Background: During the postpartum period, women may experience unfavorable psychosocial and behavioral health in multiple domains with adverse effects on parenting and maternal and infant health. Yet, little is known about the accumulation of poor health across the domains of depressive symptoms; body image; diet and physical activity; substance use including smoking and alcohol; and general self-care at 6 weeks postpartum, the usual end of maternity care.


Objectives: The aims of this study were to evaluate relationships among the domains comprising psychosocial and behavioral health and to examine the distribution and risk factors associated with cumulative poor psychosocial and behavioral health at 6 weeks postpartum.


Methods: This study was a secondary analysis of cumulative poor health assessed by self-report scales for depressive symptoms, body image dissatisfaction, diet and exercise, substance use, and general self-care among 419 low-income White, African American, and Hispanic women at 6 weeks postpartum. Multivariable Poisson and logistic regression were used in key analyses.

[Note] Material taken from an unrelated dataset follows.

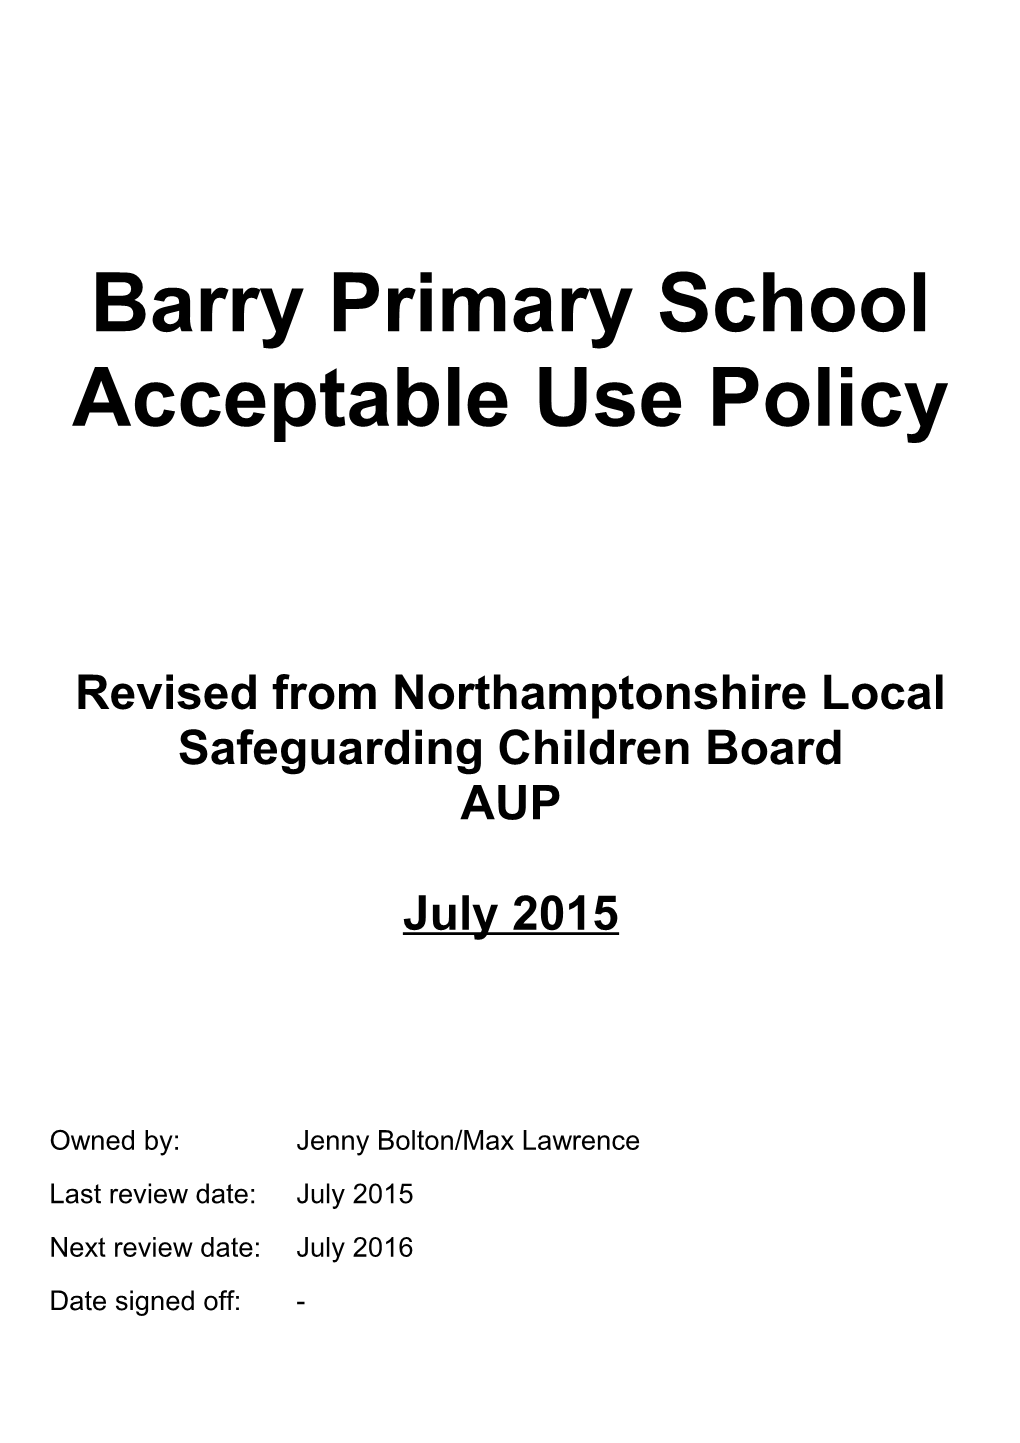 Revised from Northamptonshire Local Safeguarding Children Board

Results: The correlation among psychosocial and behavioral domains had a range of r = .50-.00. In this sample of women, 45% had two or more domains in which they had poor health. The model testing risk factors for cumulative poor health was significant (likelihood ratio chi-square = 39.26, df = 11, p < 0.05), with two significant factors: not exclusively breastfeeding (odds ratio [OR] = 1.459, 95% confidence interval [CI] [1.119, 1.901]) and Hispanic ethnicity (OR = 0.707, 95% CI [0.582, 0.858], psuedo-R2 = .029). Within individual domains, significant risk factors (body mass index, not exclusively breastfeeding, ethnicity, education level, and parity) varied by domain.


Discussion: Many low-income women postpartum have poor psychosocial and behavioral health in multiple domains, which constitute areas for health promotion and early disease prevention.